AUTO-GENERATED .tex files NEVER hand-edited (pre-commit hook checks header)
HUMAN-AUTHORED sections marked %% HUMAN-AUTHORED: do not overwrite
All numbers from MLflow via DuckDB — never manually typed
No timestamps/UUIDs in generated .tex — only run_ids (for idempotency)

Step 6: VALIDATE

# (a) Schema check
uv run python scripts/review_prd_integrity.py

# (b) Idempotency check
uv run python scripts/check_projection_staleness.py  # must report "all up to date"

# (c) Compile check
cd docs/manuscript/latent-methods-results/
pdflatex latent-methods-results.tex 2>&1 | tail -5
# Must exit 0 with no errors

If ANY check fails → BLOCK export, report specific failure.

Step 7: EXPORT (optional — only with --export-to flag)

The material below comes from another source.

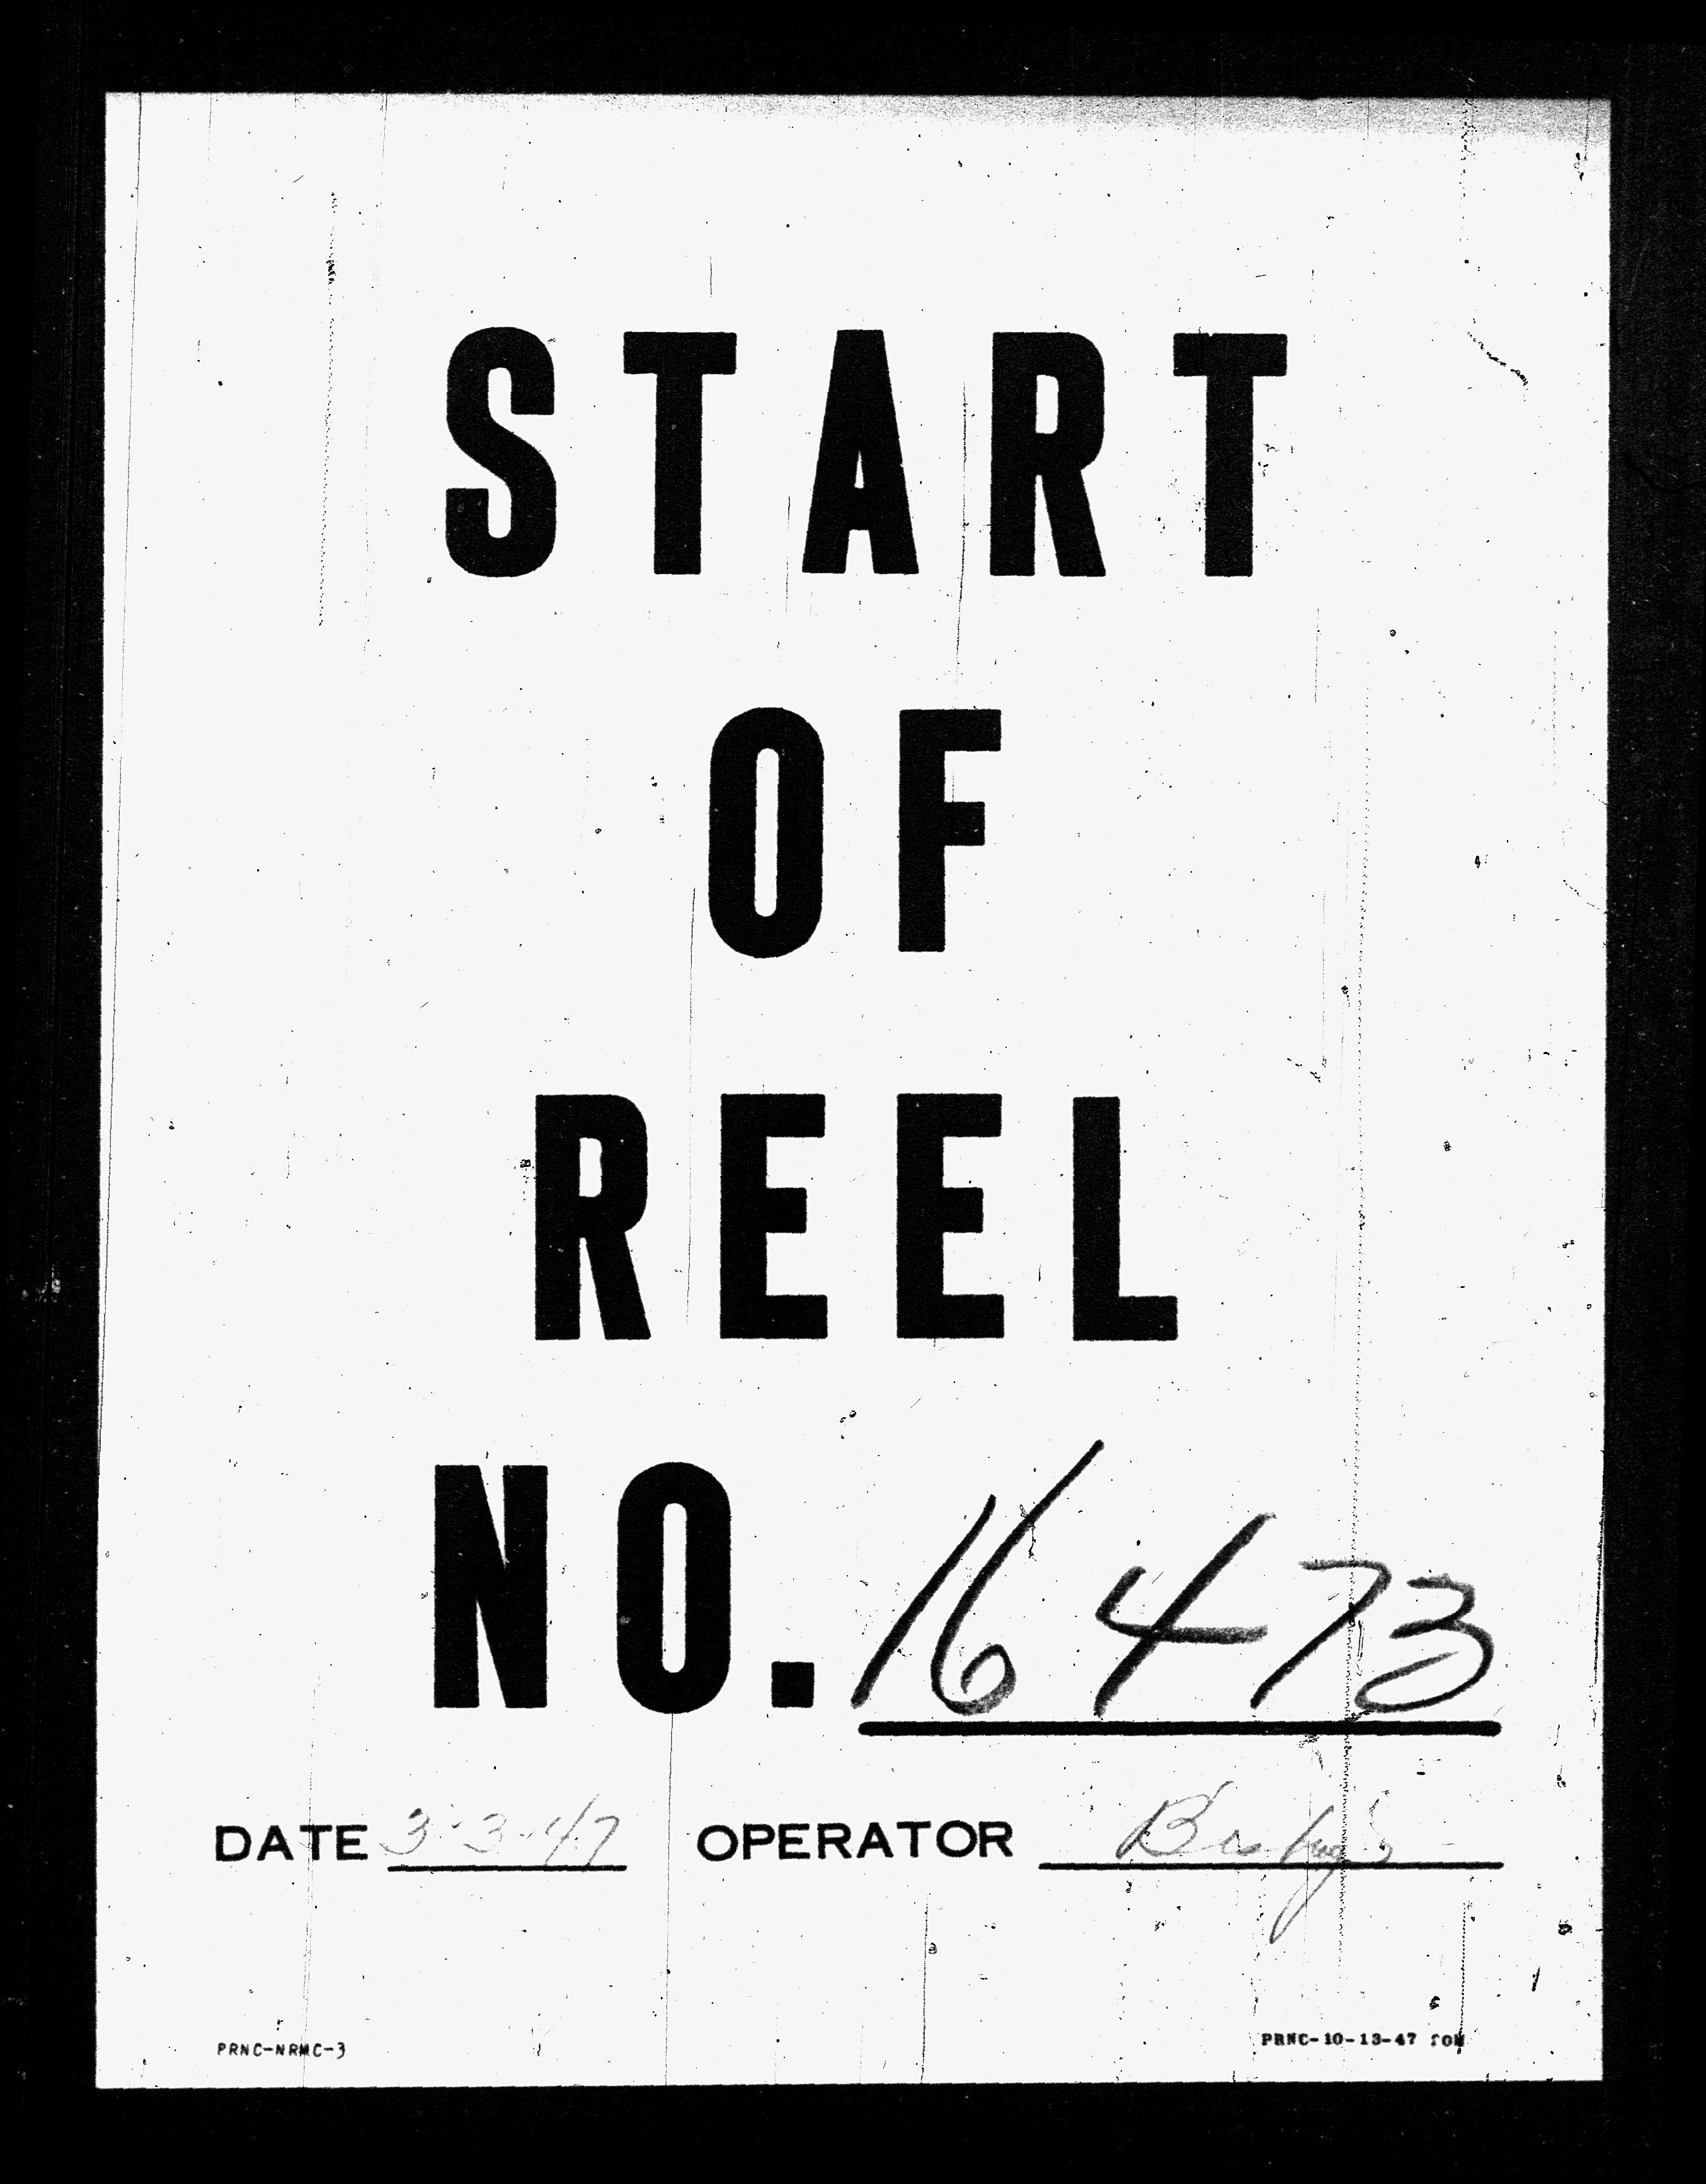 Anti-Submarine Warfare Training Center (Section) Frontier Base, Charleston, SC. 11/30/42 to 7/1/45

# Atomic write: tmp → mv (never partial state in sci-llm-writer)
python3 -c "
import shutil, pathlib, tempfile, yaml
snapshot = {
    'generated_at': '...',
    'git_commit': '...',
    'status': 'complete' if not pending else 'incomplete',
    'pending_experiments': [...],  # from current_best.yaml
    'decisions': [...],  # from navigator.yaml
    'claims': [...],  # from manuscript/claims.yaml
}
tmp = pathlib.Path(tempfile.mktemp())
tmp.write_text(yaml.dump(snapshot))
dest = pathlib.Path('../sci-llm-writer/manuscripts/vasculature-mlops/kg-snapshot/kg-snapshot.yaml')
dest.parent.mkdir(parents=True, exist_ok=True)
shutil.move(str(tmp), str(dest))
"

Export gates (all must pass):

pdflatex compiles cleanly
Schema check passes (review_prd_integrity.py)
Idempotency: running Step 5 twice = identical output
No orphan run_ids (run_id in snapshot missing from mlruns/ → ERROR)

Key Files

File	Purpose
`scripts/scan_code_structure.py`	Step 1 — AST scanner
`scripts/scan_experiments.py`	Step 2 — MLflow/DuckDB extractor
`scripts/check_projection_staleness.py`	Step 4 — Staleness detector
`knowledge-graph/templates/*.j2`	Step 5 — Jinja2 templates
`knowledge-graph/manuscript/projections.yaml`	Step 4 input — dependency map
`knowledge-graph/code-structure/_generated_at.yaml`	Step 3 output — staleness stamp
`knowledge-graph/experiments/_generated_at.yaml`	Step 3 output — staleness stamp

Invariants

No timestamps/UUIDs in generated .tex (idempotency)
All numbers from MLflow via DuckDB — never typed manually
HUMAN-AUTHORED sections never overwritten
Export is atomic (tmp + mv — no partial state)
Orphan run_id = hard ERROR (not silent skip)
PENDING experiments = {status: "PENDING"} header in kg-snapshot.yaml

This Skill is Generic

To adapt for another repo:

Replace src/minivess/ with your source directory in Step 1
Replace mlruns/ with your experiment tracker path in Step 2
Replace Jinja2 templates with your downstream output format
Update projections.yaml with your dependency map Everything else (stamp, staleness, validate, export) works unchanged.